Chefredaktion : Holger Gayer (hog)


Dann lassen Sie uns doch mal einen virtuellen Spaziergang vom Bahnhof aus zur neuen Stadtbibliothek unternehmen.
Da kommen wir zuerst an den Bankgebäuden der LBBW vorbei. Wenn Sie dort an einem Novembernachmittag über das Gelände laufen, können Sie eine Kafka-Verfilmung drehen. Wenn wir das hinter uns haben, sehen wir die Bibliothek – die liegt in dem Gelände wie reingewürfelt. Und dann soll dieses Einkaufszentrum Milaneo dazukommen – und mit dem Milaneo viel neuer Autoverkehr! Um die Ecke mache ich mir in Stuttgart die meisten Sorgen. Das wird nicht besonders urban.

„Urban“, schon wieder so ein Schlagwort. Erklären Sie uns, was Sie darunter verstehen.
Urbanität heißt, dass sich Menschen, da wo sie wohnen und einkaufen, auch wirklich begegnen können. Es geht darum, ein Teil des öffentlichen Lebens sein zu können und nicht an den ewig gleichen Bank- und Versicherungsgebäuden entlangstiefeln zu müssen. Im Stuttgarter Kessel brauchen wir mehr Wohnungen – auch sozial geförderte. Und Plätze, auf denen man verweilen kann. Das Gerber und das Milaneo wären für mich die letzten Einkaufszentren, die wir hier bauen.

Angenommen, Sie würden gewählt, in welches Viertel würden Sie am liebsten ziehen?
Mir gefallen viele Gegenden. Ich könnte mir das Heusteigviertel gut vorstellen oder den Westen, auch ein Ortsteil wie Berg gefällt mir sehr.

Nach Luginsland würden Sie also nicht wieder rausziehen.
Von dort wäre mir der Weg ins Rathaus zu weit. Mir ist übrigens aufgefallen, dass Luginsland inzwischen unter einem Problem leidet, das man in vielen Außenbezirken findet: Als wir vor zwölf Jahren weggezogen sind, gab es einen Supermarkt, zwei Bäcker und einen Metzger. Davon ist nicht mehr viel übrig geblieben.

Wenn sich dort Geld verdienen ließe, würden die Geschäftsleute von selbst kommen.
Da glauben Sie aber extrem an den Markt. Es kann auch gut sein, dass keiner die Chancen eines solchen Standorts erkennt. Die Stadt muss sich darum kümmern.

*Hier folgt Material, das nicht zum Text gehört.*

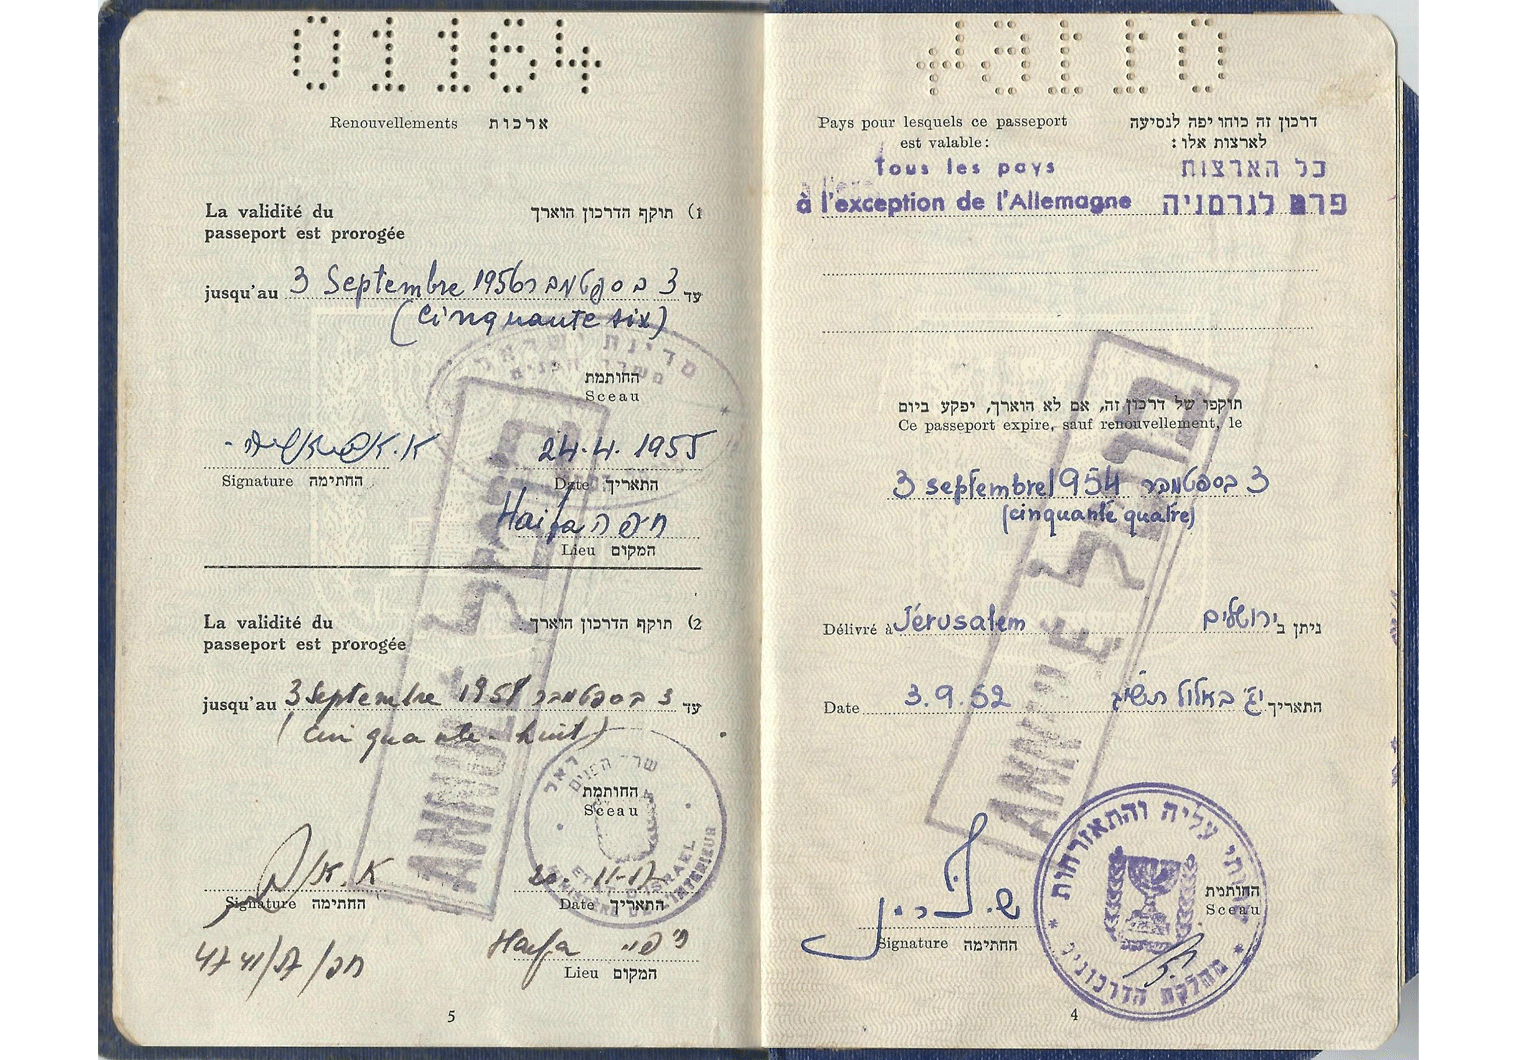 1952 Israeli passport

Damit sprechen Sie auch die sozialen Verhältnisse in der Stadt an. Spötter beschreiben Teile Ihrer Wählerschaft als „Lifestyle-Grüne“. Wer Grün wählt, muss sich das leisten können.
Spötter spotten oft an der Wirklichkeit vorbei. Bei mir hat schon meine Familie dafür gesorgt, dass soziale Gerechtigkeit für mich ein entscheidender Wert ist. Mein Vater war in der SPD, und mein Großvater hat mir immer gesagt: „Das Soziale kommt nicht von selbst.“ Das ist ein zutreffender Satz. Marktwirtschaft ist nur sozial, wenn ihr der Staat Rahmenbedingungen setzt. Für meine Eltern war übrigens gerade ein nachbarschaftlicher Umgang ein Wert an sich – auch aus der Nachkriegserfahrung heraus.